* Collected material *
----------------
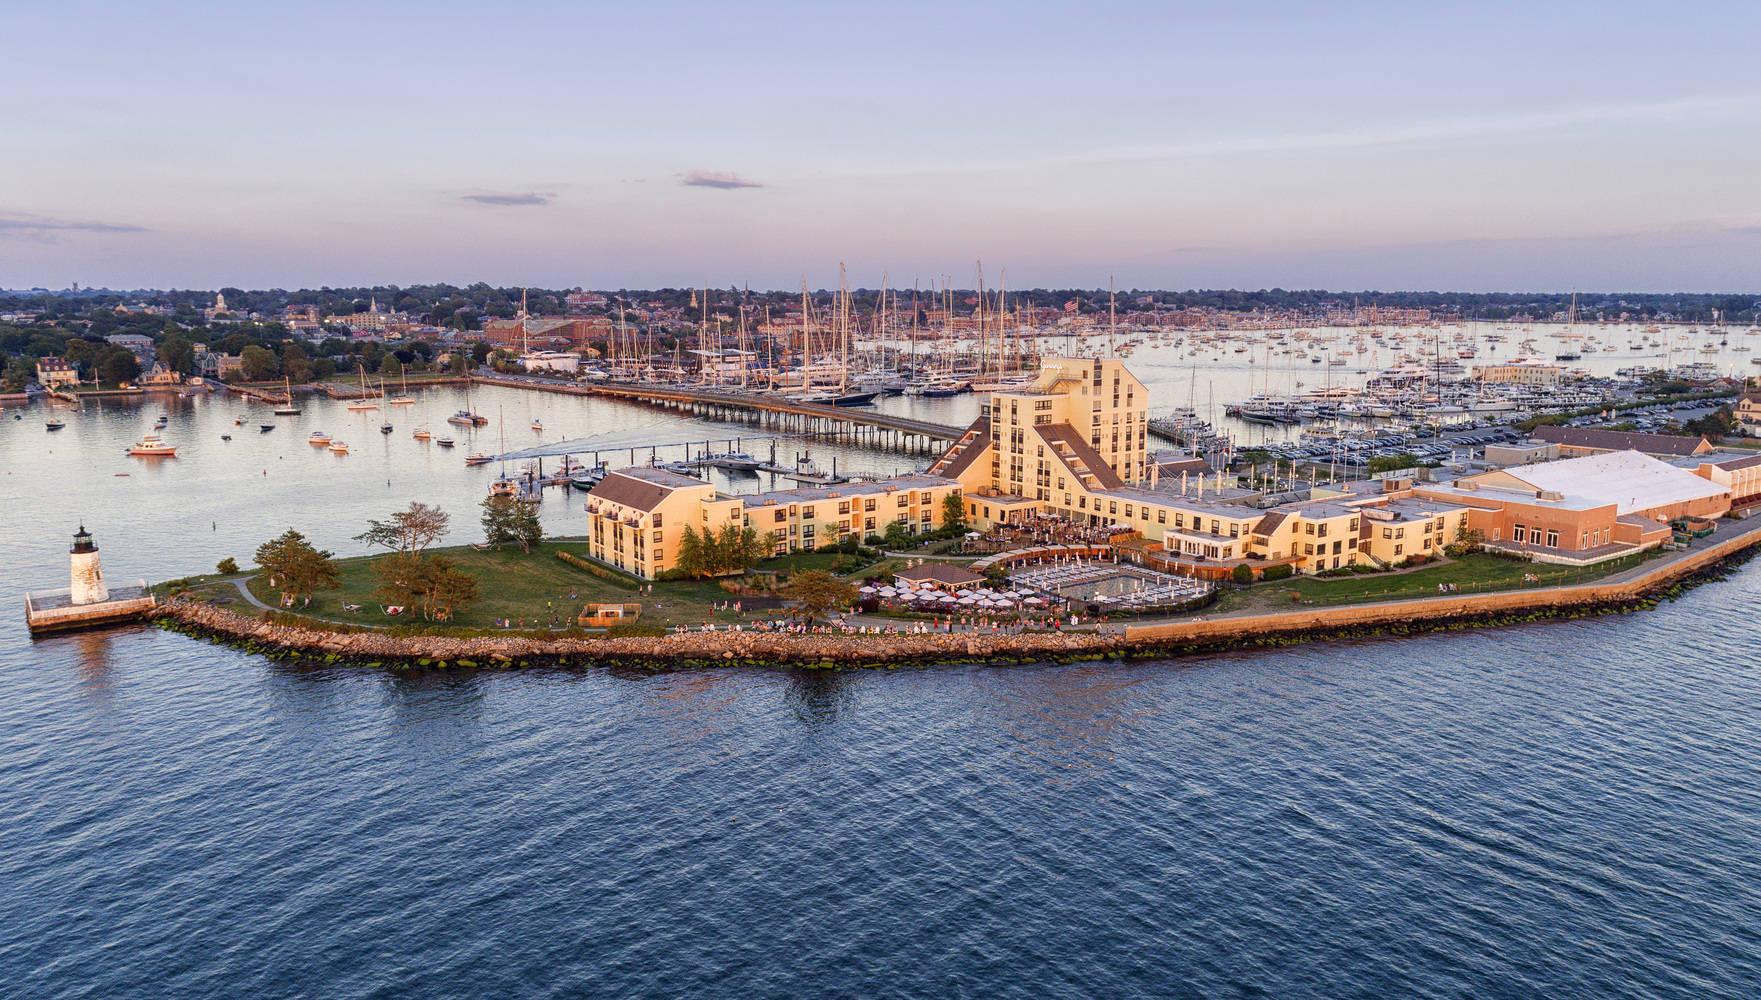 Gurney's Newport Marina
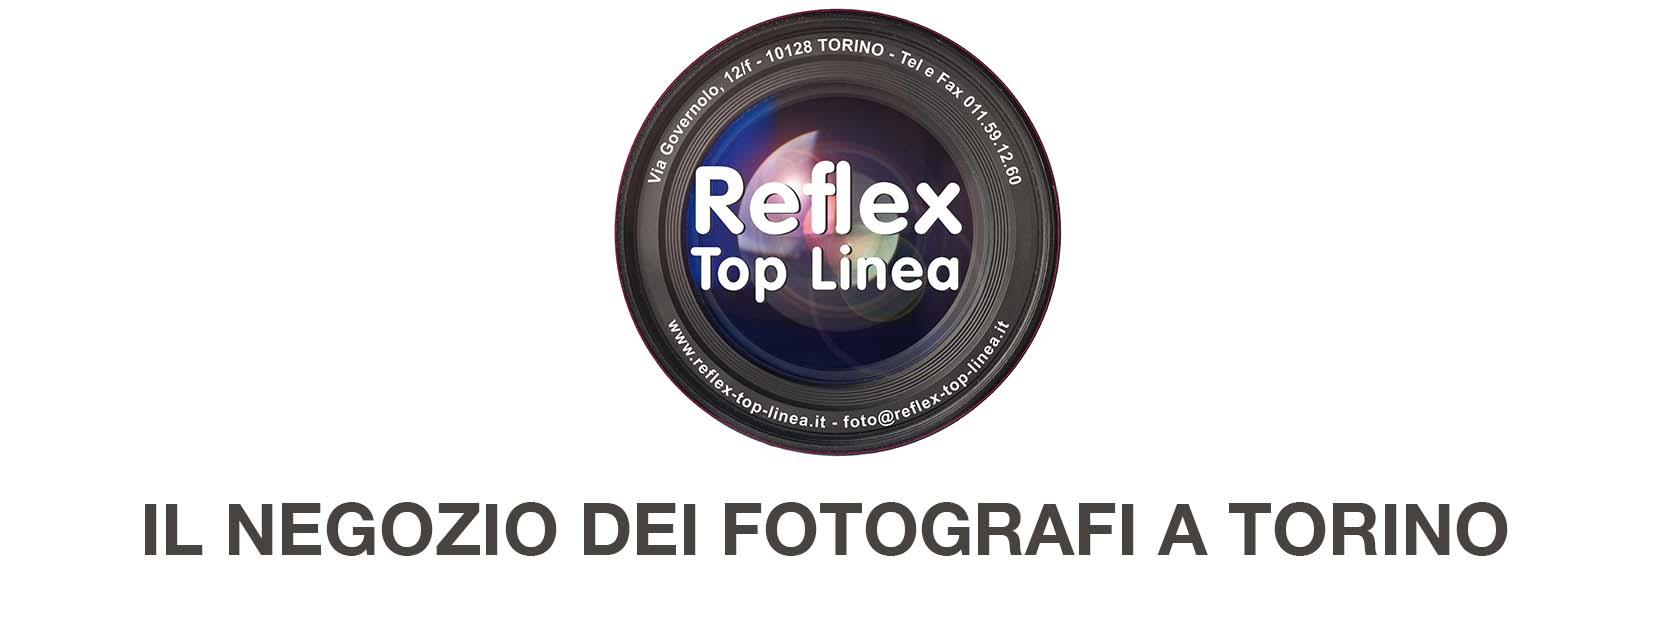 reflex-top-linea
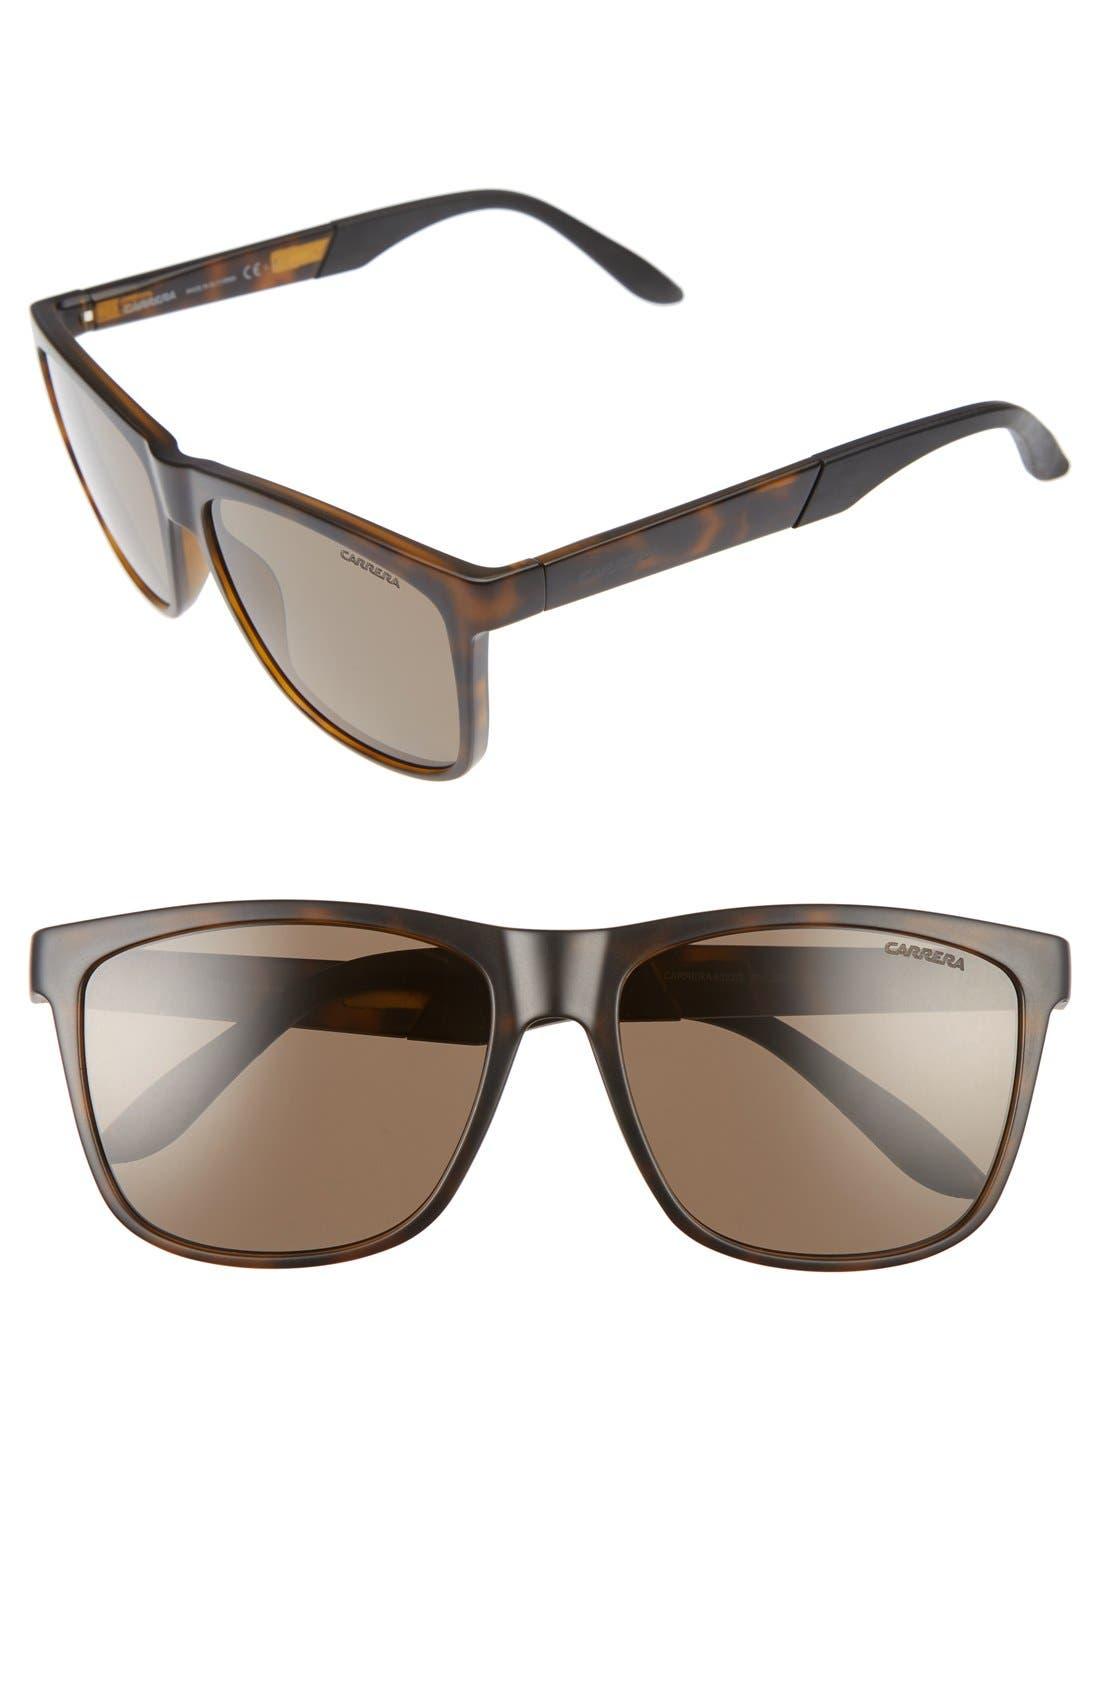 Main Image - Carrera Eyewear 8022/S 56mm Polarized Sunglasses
----------------
* What is required *
Please reproduce the listing exactly, leaving out any pictures.

* Exercise response *
 Gurney's Newport Marina
 reflex-top-linea
 Main Image - Carrera Eyewear 8022/S 56mm Polarized Sunglasses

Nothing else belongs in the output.